Stressing over Life with a Teenager
Now that the kids are back to school stress begins. As humans we strive on structure and going back to daily or weekly routines helps make life easier. I often hear from parents that are so pleased that “we go back to school in just a few weeks. We are all ready!” But as you reached the end of last school year there could have been frustrations. Look back at last year and look at where the stress occurred for you as a parent? Were you or your kids too involved? Did you or your kids have late season burn-out? Did frustration rule around the house? If so you need to change– Today!
To make a change first you as a parent needs to decide to change. Yes, you are changing your child’s schedule, but it is also your schedule too! So once you have decided to make your life easier it’s time to sit down with your teen and simplify your life. Does your teenager need to be involved in three extra-curricular activities? Are they asked to perform 7 days a week? It’s too much — Teenagers are not adults. As parents you felt the pressure of last year, now imagine your teenager– a child who can’t quite cope effectively with life. You need to give them a break. You need to brake too.

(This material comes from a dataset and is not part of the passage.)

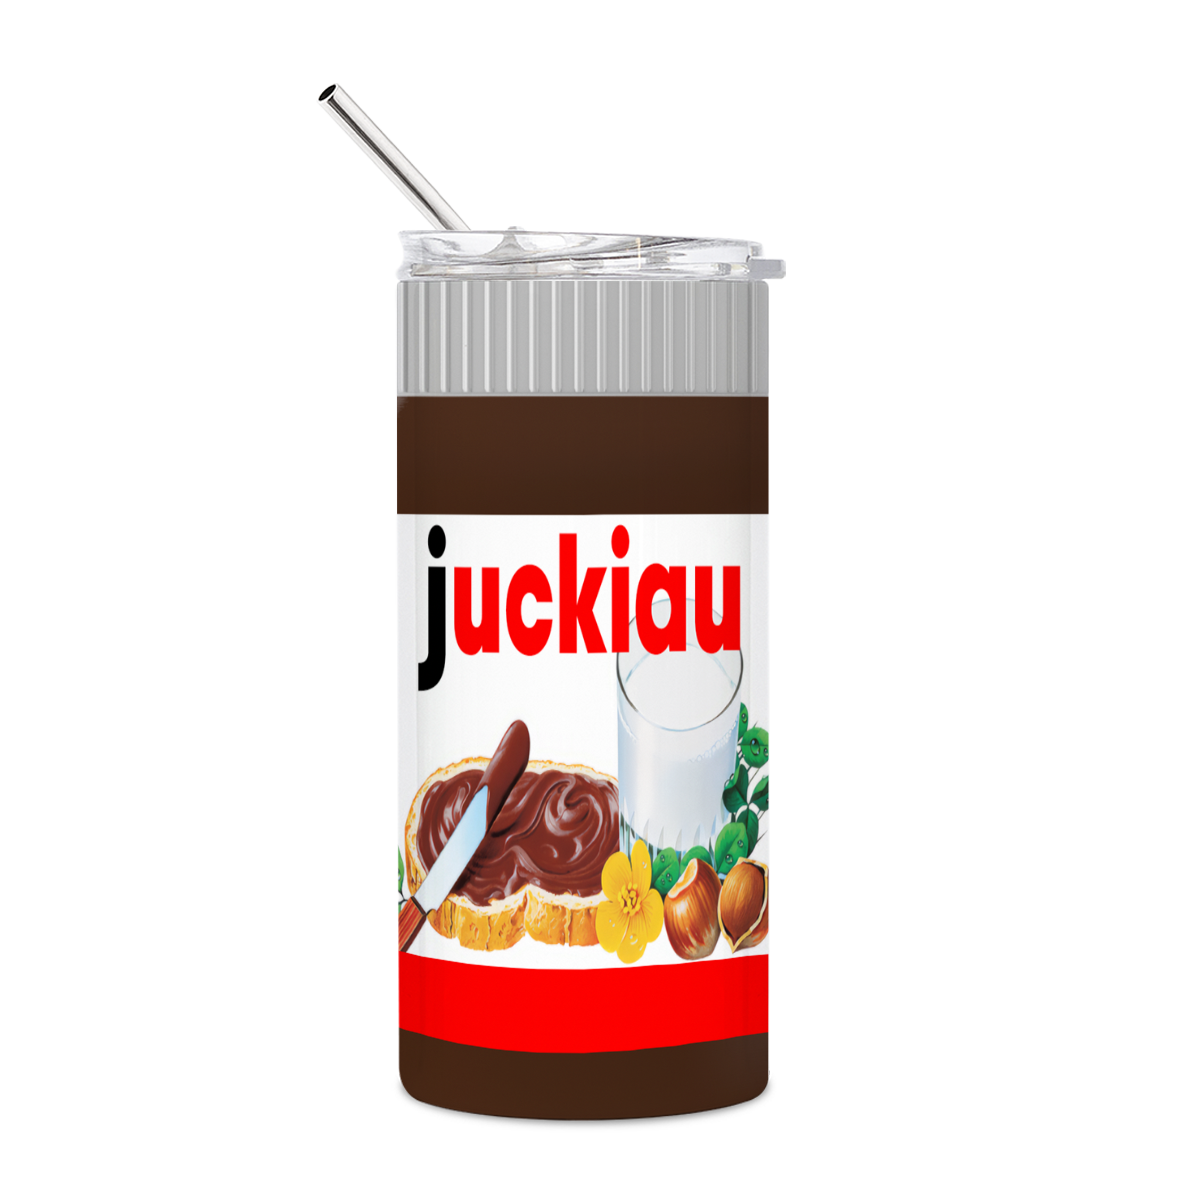 Juckiau
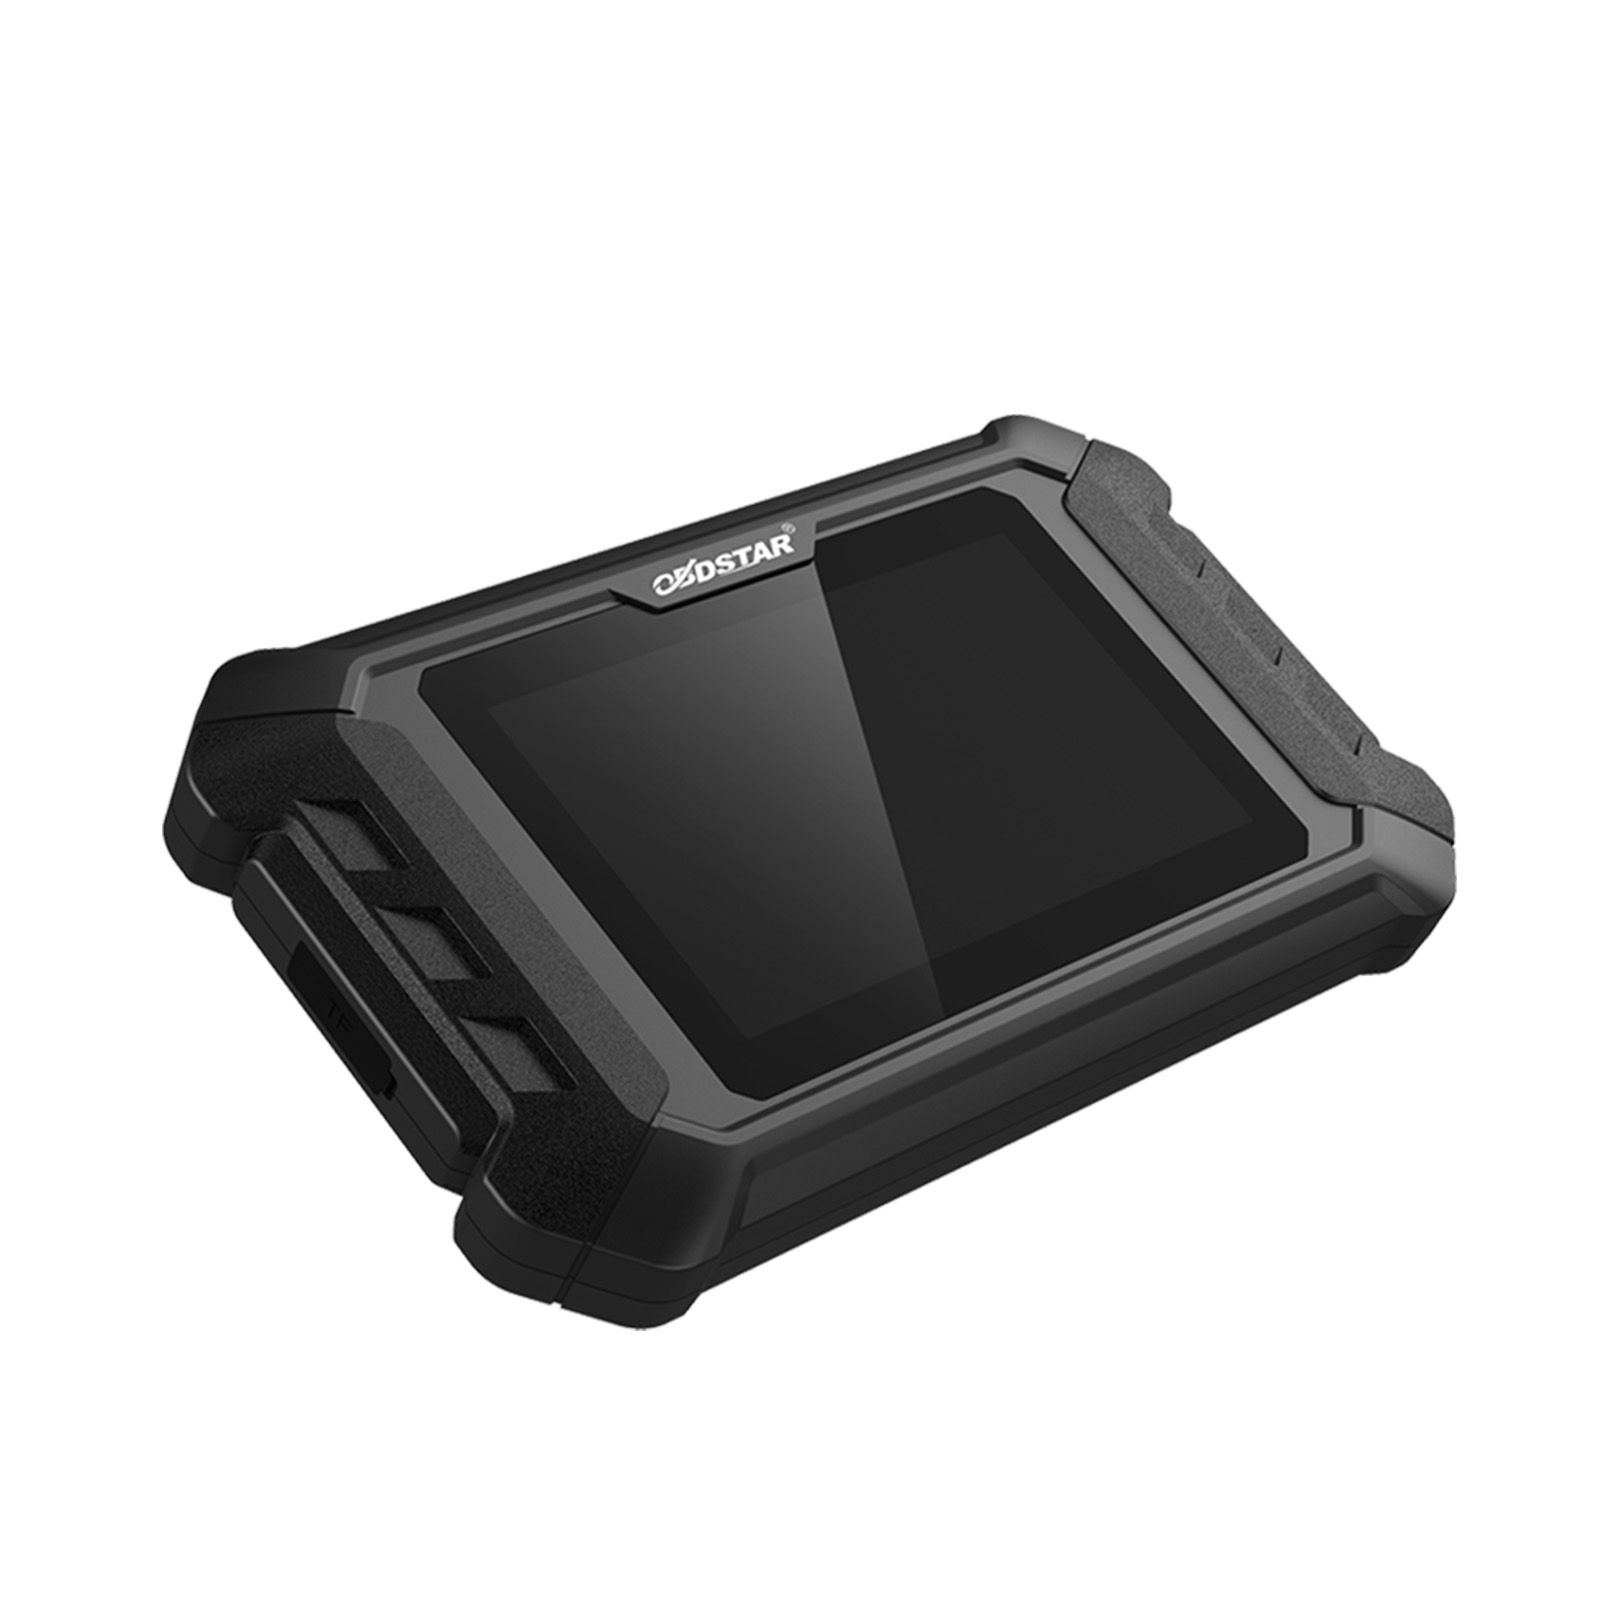 Obdstar iscan MV Agusta SMART Motorcycle Diagnosis Tool portátil tablet scanner

Simplify your life, schedule your family so your kids can learn to manage life. Schedule in some down time or mental health days. Look for the “fun stuff” that makes them smile because this should follow up the”unfun stuff.” Help your child establish a routine after school for homework, chores, and more down time. Remember, they have been “working” all day too! When they are doing their homework make sure they are only studying a maximum of 12-18 minutes. Then have them get up and move around for a minute or two and then start back for another 12-18 minutes. At the next break, give them 5-10 minute break for snack, texting, or moving around. Then back to the quick break (lather, rinse, repeat as needed). Oh yes I believe in not letting your teen study with their cell phone. But they can text during their breaks. More on that another time.
Once both of you have established a routine write it down. Agree to the new schedule. Sign the new schedule and post it. It is all about accountability to the other person. Parents don’t slack on the follow through even when your teenager whines like when they were three years old. The follow through is probably the most important of all. Hang in there and if you have questions just ask.